GIVEN DATA>
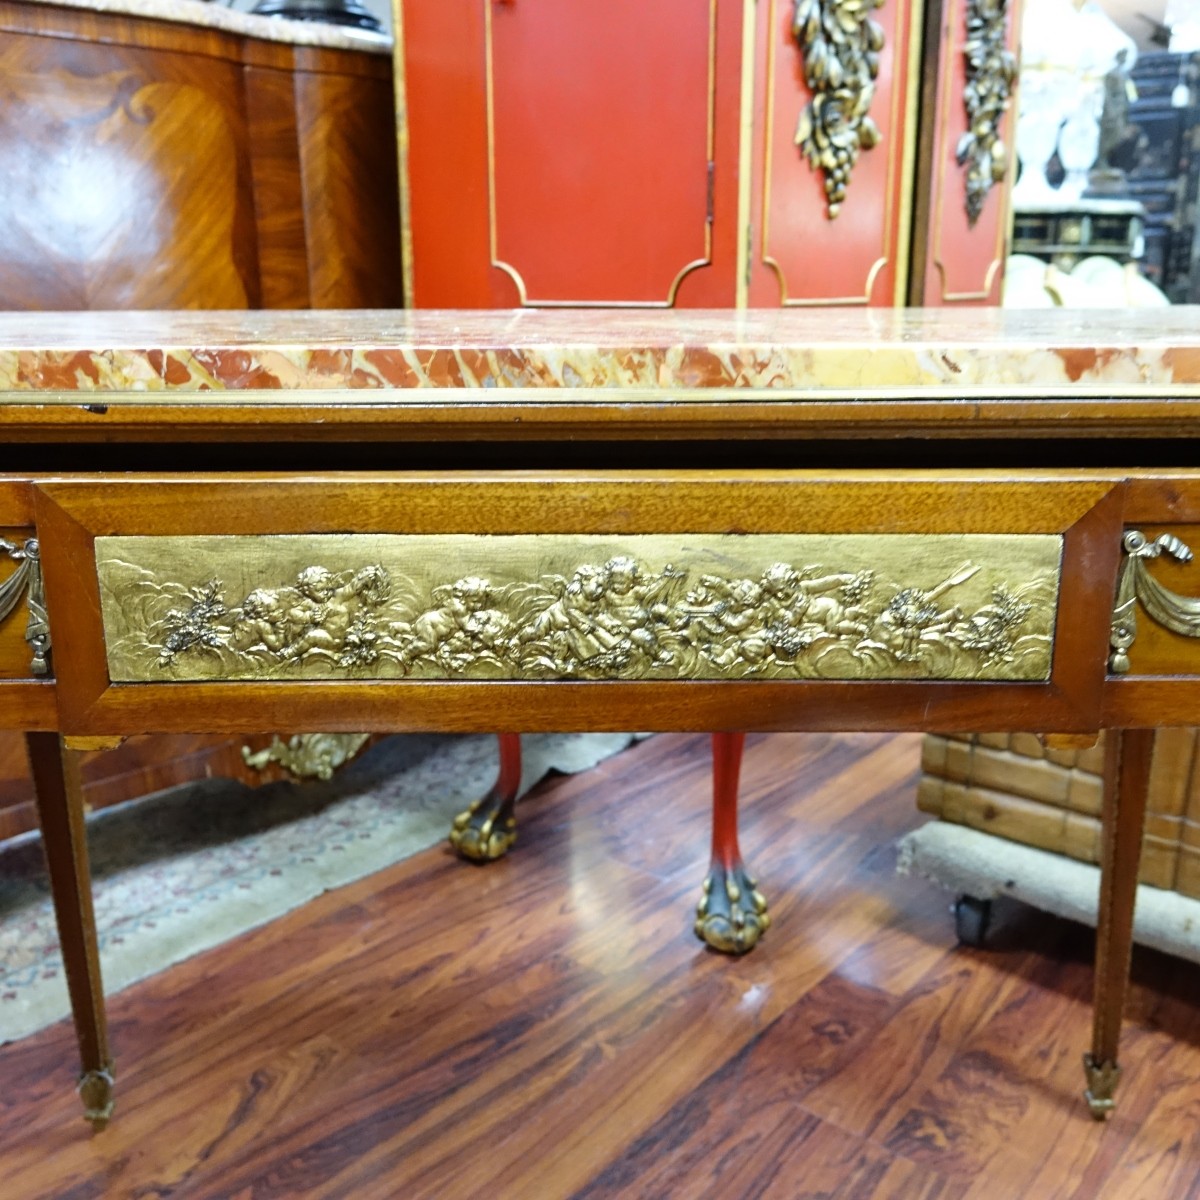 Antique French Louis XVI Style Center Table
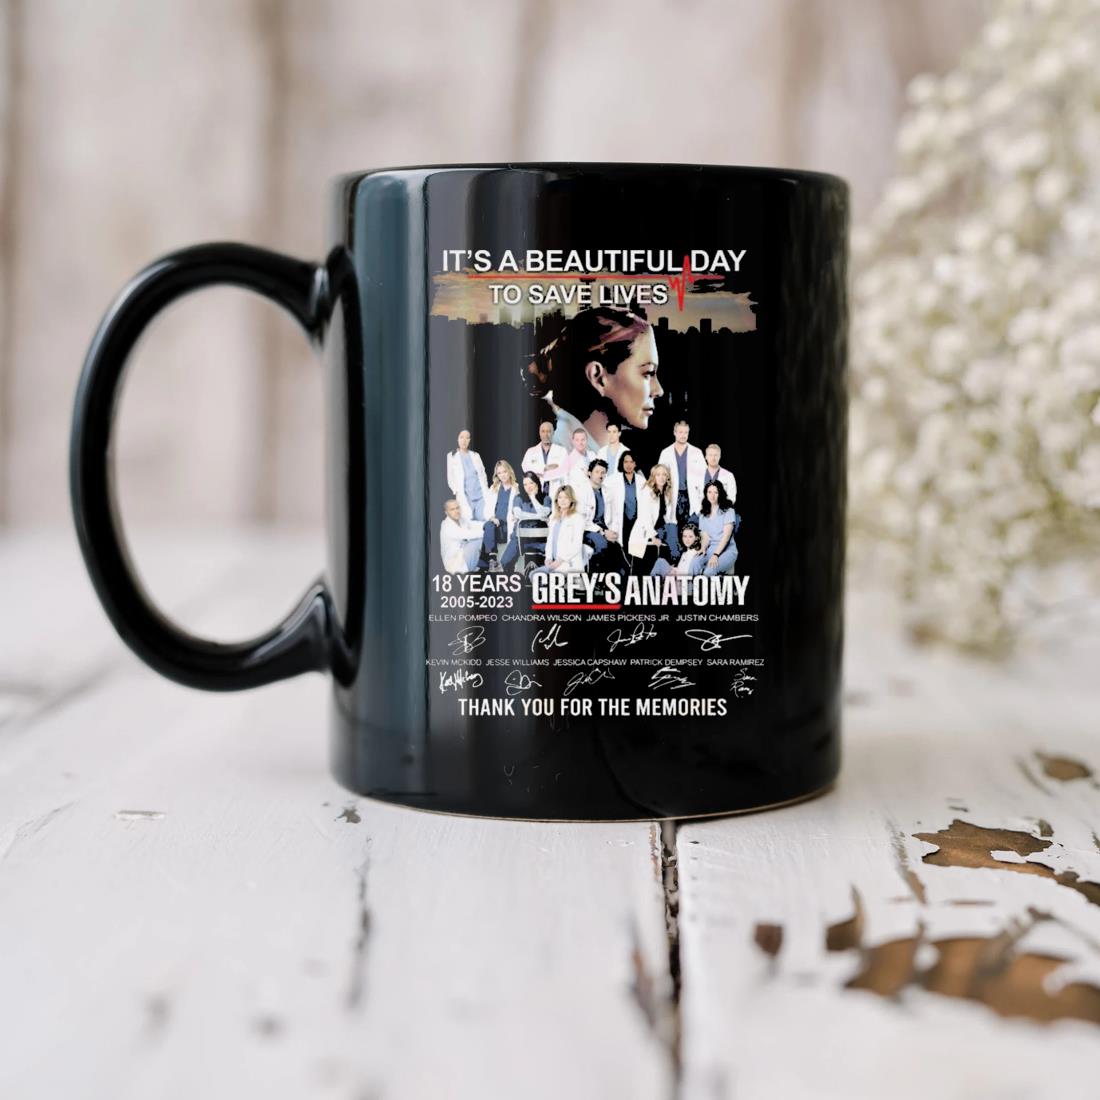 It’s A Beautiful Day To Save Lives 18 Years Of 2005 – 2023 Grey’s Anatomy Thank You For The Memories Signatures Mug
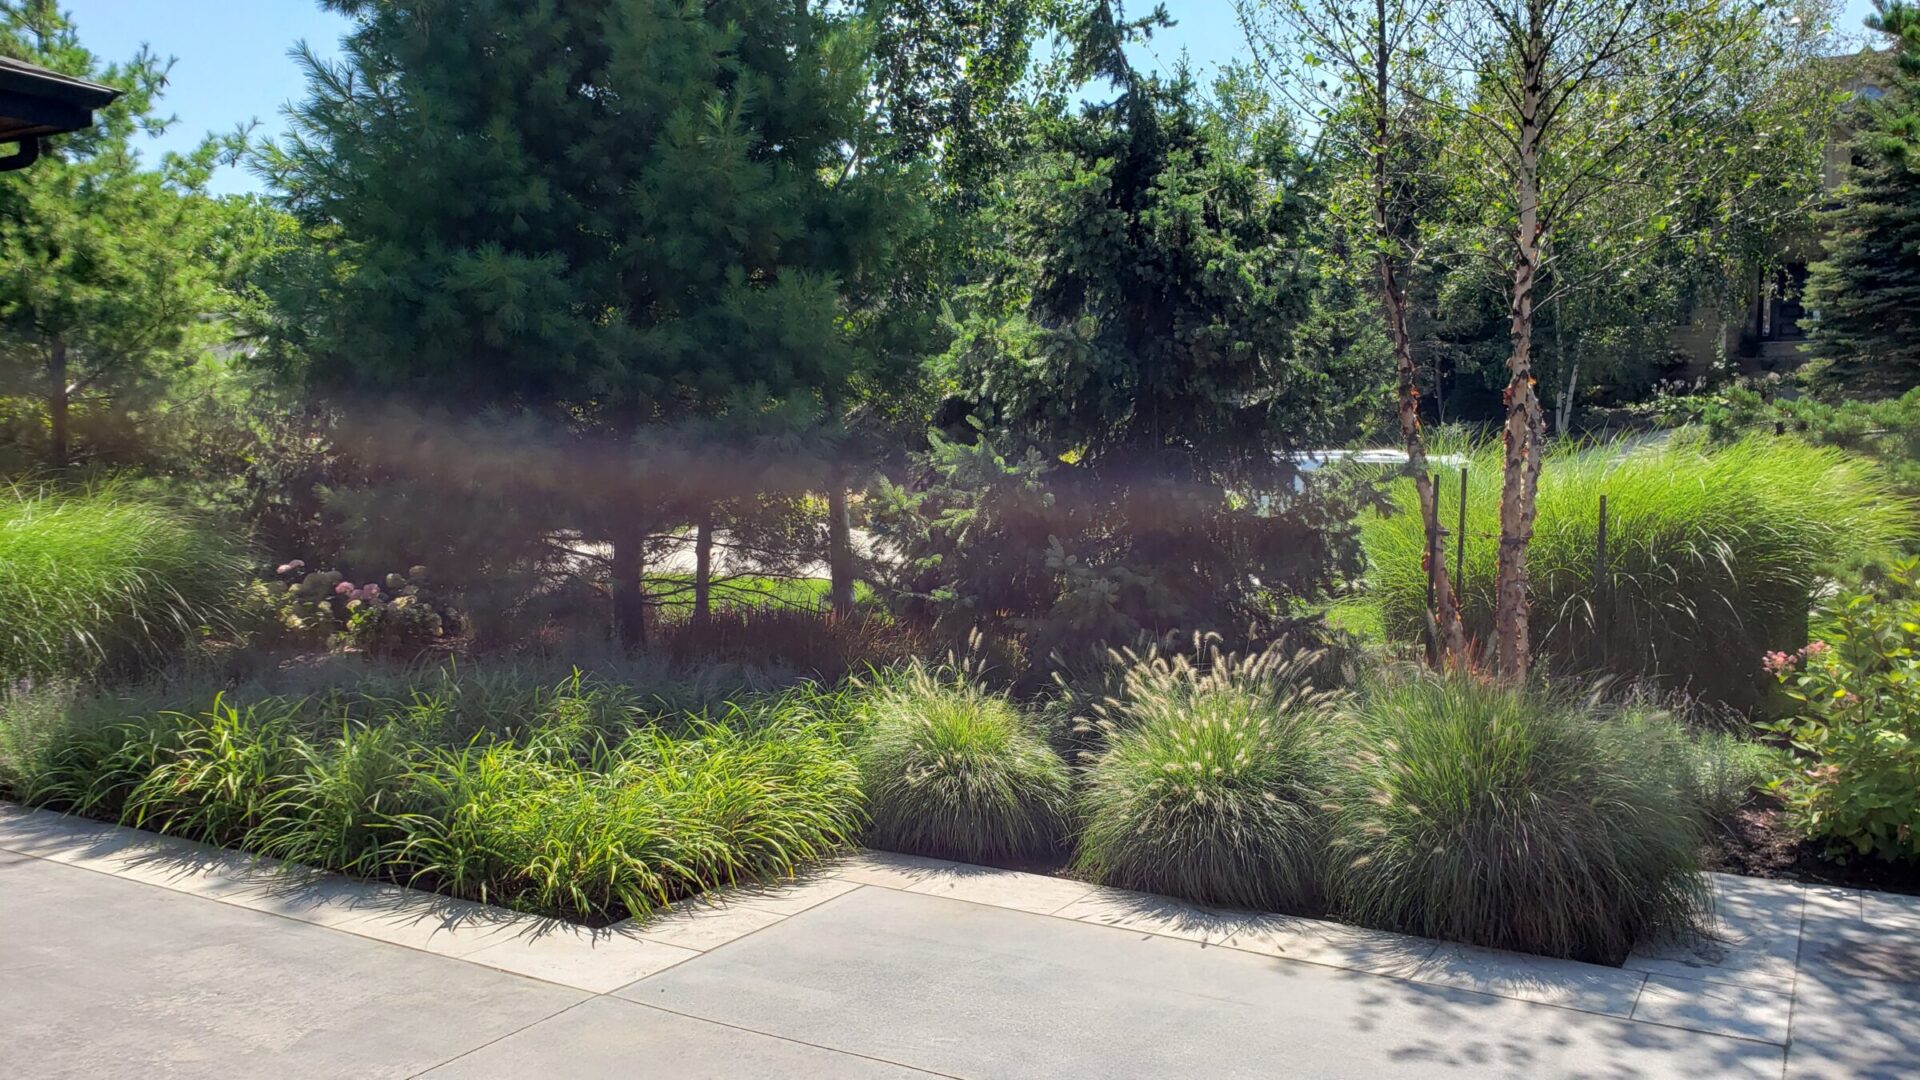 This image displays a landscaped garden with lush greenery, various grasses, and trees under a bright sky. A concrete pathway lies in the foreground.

ASSIGNMENT> The answer is every line of the data, exactly as written, with the pictures dropped.

EXERCISE RESPONSE>
 Antique French Louis XVI Style Center Table
 It’s A Beautiful Day To Save Lives 18 Years Of 2005 – 2023 Grey’s Anatomy Thank You For The Memories Signatures Mug
 This image displays a landscaped garden with lush greenery, various grasses, and trees under a bright sky. A concrete pathway lies in the foreground.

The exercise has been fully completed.